İkinci depremin ardından kurtarma operasyonu her zamanki gibi devam etti.
Haiti'de neden sık sık deprem olur? Bu soru, felaketin bir sonra nerede olacağını belirlemek için uzmanları getiren etkili uluslararası medyanın sayfalarından geldi. Bununla birlikte, cevap son derece basittir - ada iki litosferik plakanın birleştiği yerde bulunur. Eyalet aktif bir sismik bölgede bulunuyor ve orada her zaman küçük büyüklükte depremler oluyor.
Normal hayata dönüş
Gıda durumu sadece 20 Ocak'a kadar biraz istikrar kazandı. Birkaç mağazada iki katı fiyata satılan ürünler ve temiz su görünmeye başladı. Felaketten iki yıl sonra bile bazı molozlar temizlenmedi.
Örneğin yukarıdaki fotoğrafta 9 Ocak 2012'de bir ayakkabı satıcısı molozun önünde duruyor.
Devlet her zamanki gibi yaşamaya devam etmeye çalışıyor. Zamanla, cumhurbaşkanının ve merkezi hükümetin çalışmaları restore edildi ve Haiti'deki BM misyonu yeniden başlatıldı (2004 huzursuzluğundan beri adada Birleşmiş Milletler temsilcileri mevcuttu). Sıradan nüfus aşağı yukarı kabul edilebilir yaşam koşullarına geri döndü, ancak Haiti'nin başkenti artık depremden öncekiyle aynı olmayacak - felaket tarafından çok fazla sayıda mağdur kışkırtıldı.
Aşağıdaki fotoğraf, Port-au-Prince'in banliyölerinde öldürülenlerin yüzlerinin olduğu posterleri gösteriyor.
Fotoğraf 2012'de çekildi.
Son deprem hasar değerlendirmesi
18 Mart 2010'da, Haiti'deki felaketin kurbanlarının sayısının 222 bin 570 kişiye ulaştığı resmi veriler yayınlandı. 311 bin vatandaş çeşitli şiddetlerde yaralandı ve 869 kişi kayıp. Maddi hasarın 5,6 milyar avro olduğu tahmin edildi.
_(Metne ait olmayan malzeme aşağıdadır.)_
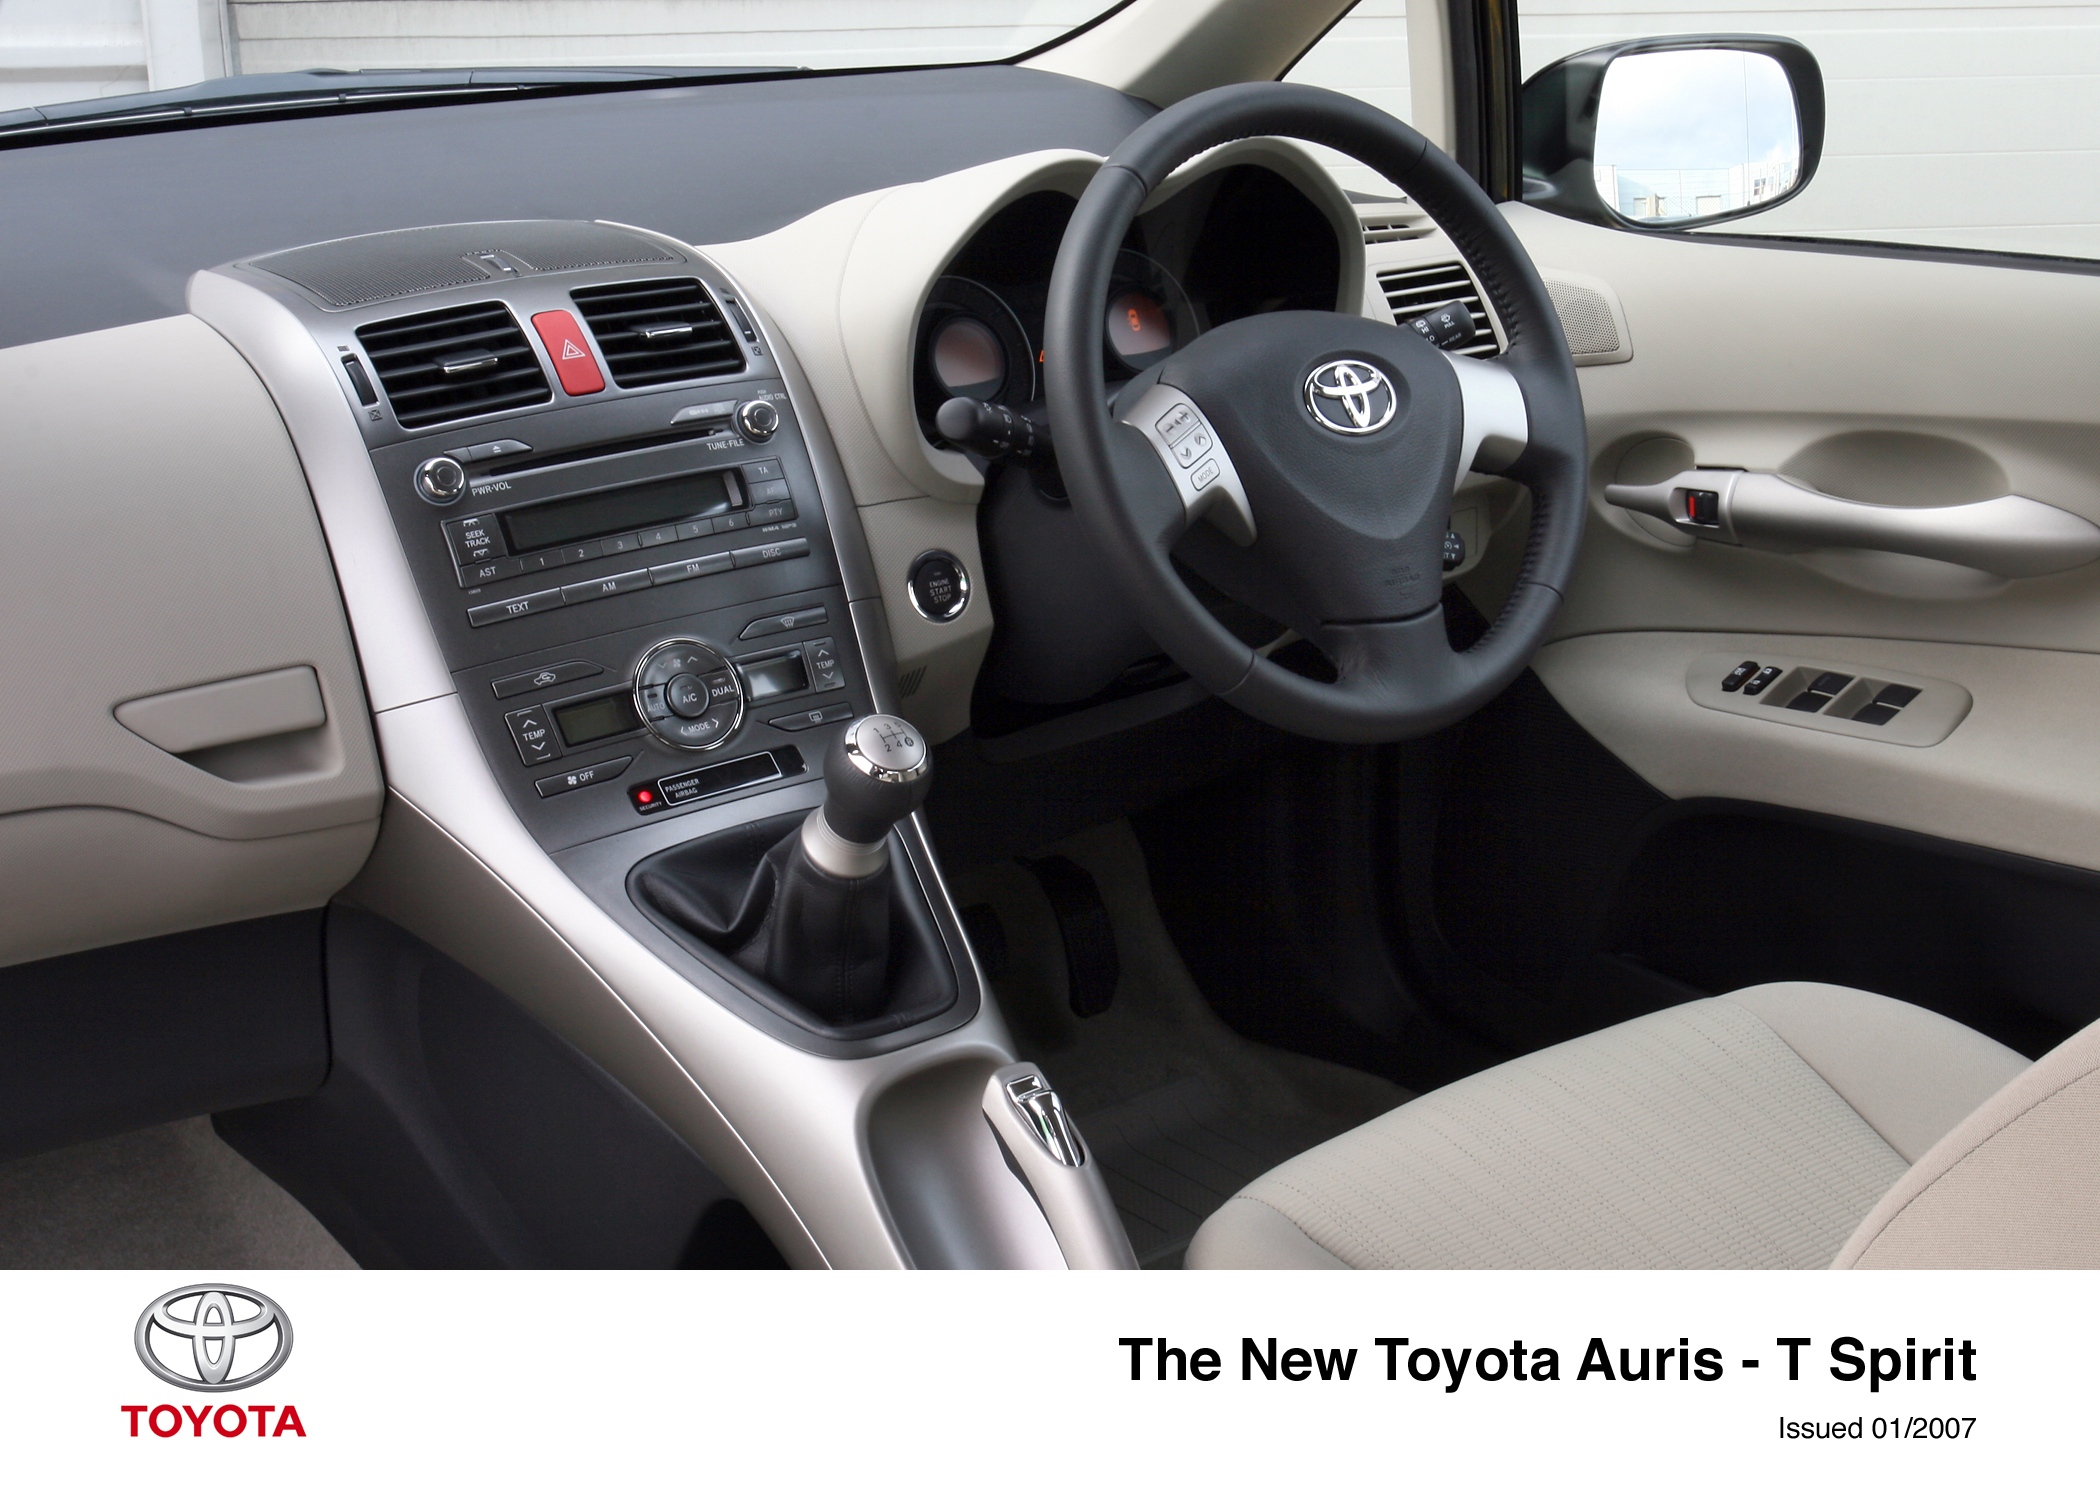 Auris: The New Toyota - Toyota Media Site
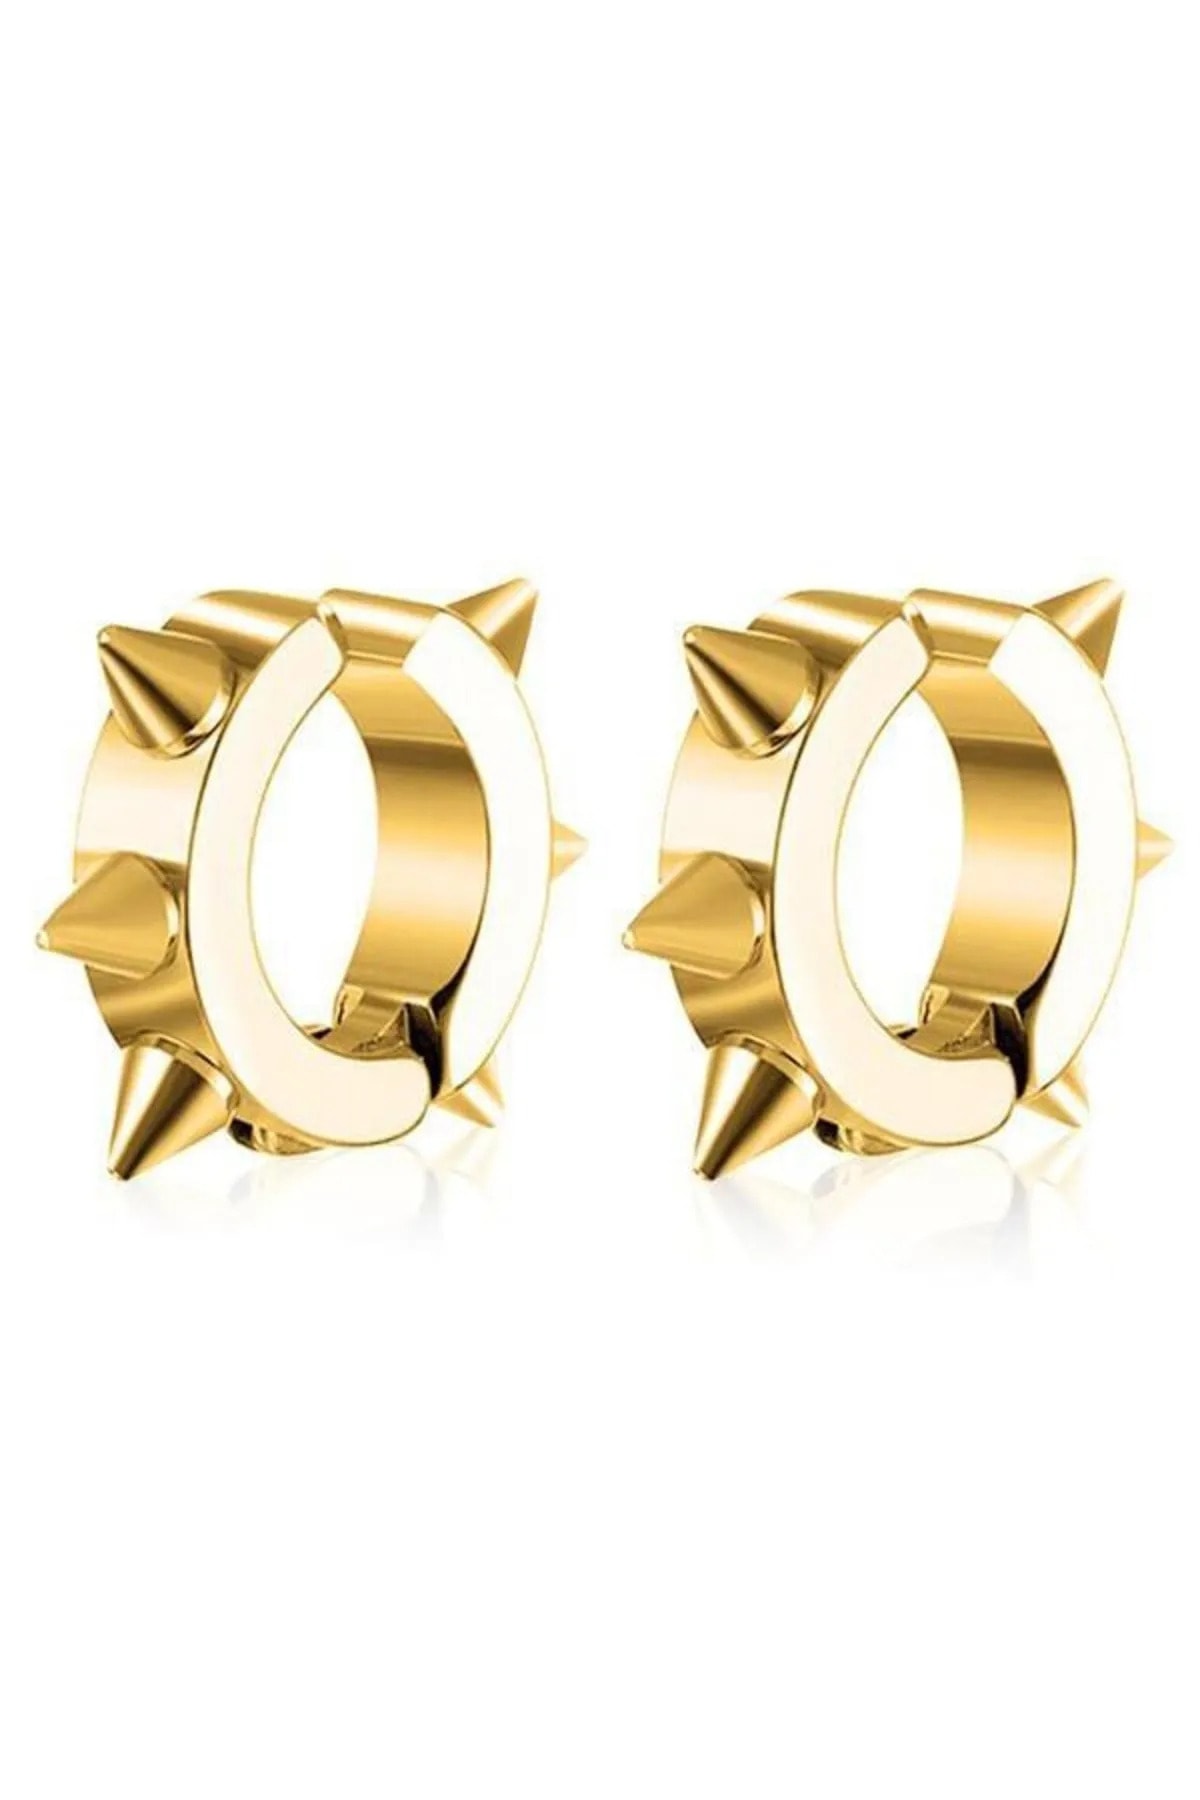 Barbados Trident Stud Earrings - Gold - Isura - Jamii

Felaket sırasında, örgütün Haiti'deki misyon başkanı, ünlü bir Brezilyalı çocuk doktoru, çocuklar için yardım programları organizatörü, başkentin başpiskoposu, Adalet Bakanı da dahil olmak üzere BM temsilcileri öldürüldü. Haiti ve muhalefet lideri.
2010'da Haiti'deki durum: deprem, kasırga, isyanlar ve kolera salgını
Haiti depremden sonra birkaç felaketi daha geride bıraktı. Ekim 2010'da, ilaç eksikliği ve 12 Ocak'taki felaketin sonuçlarıyla karmaşık hale gelen ve tamamen ortadan kaldırılmayan bir kolera salgını başladı. Dört buçuk bin kişi koleradan öldü, enfekte olanların sayısının on binlerce olduğu tahmin ediliyor.
Salgın, 20 vatandaşın hayatına mal olan ve şiddetli sellere, cumhurbaşkanlığı seçimleri sırasında isyanlara ve Haiti'deki tüm felaketlerden sorumlu olan "cadılara" ve "büyücülere" zulme neden olan Thomas Kasırgası tarafından daha da şiddetlendi, nüfusa göre.
İnsani durum hala büyük ölçüde istikrarsız.
Haiti'de durum şimdi nasıl, neredeyse 7 yıl sonradepremler
Haiti'nin insani durumu hala tam olarak istikrara kavuşmaktan çok uzak. Son zamanlarda, eyalet Matthew Kasırgası ve bir dizi yeni salgın tarafından vuruldu. Bunun üzerine - siyasi istikrarsızlık, düşük yaşam standartları, düzenli grevler ve mitingler, ayaklanmalar ve BM misyonunun temsilcileriyle çatışmalar. Haiti'deki durum korkunç.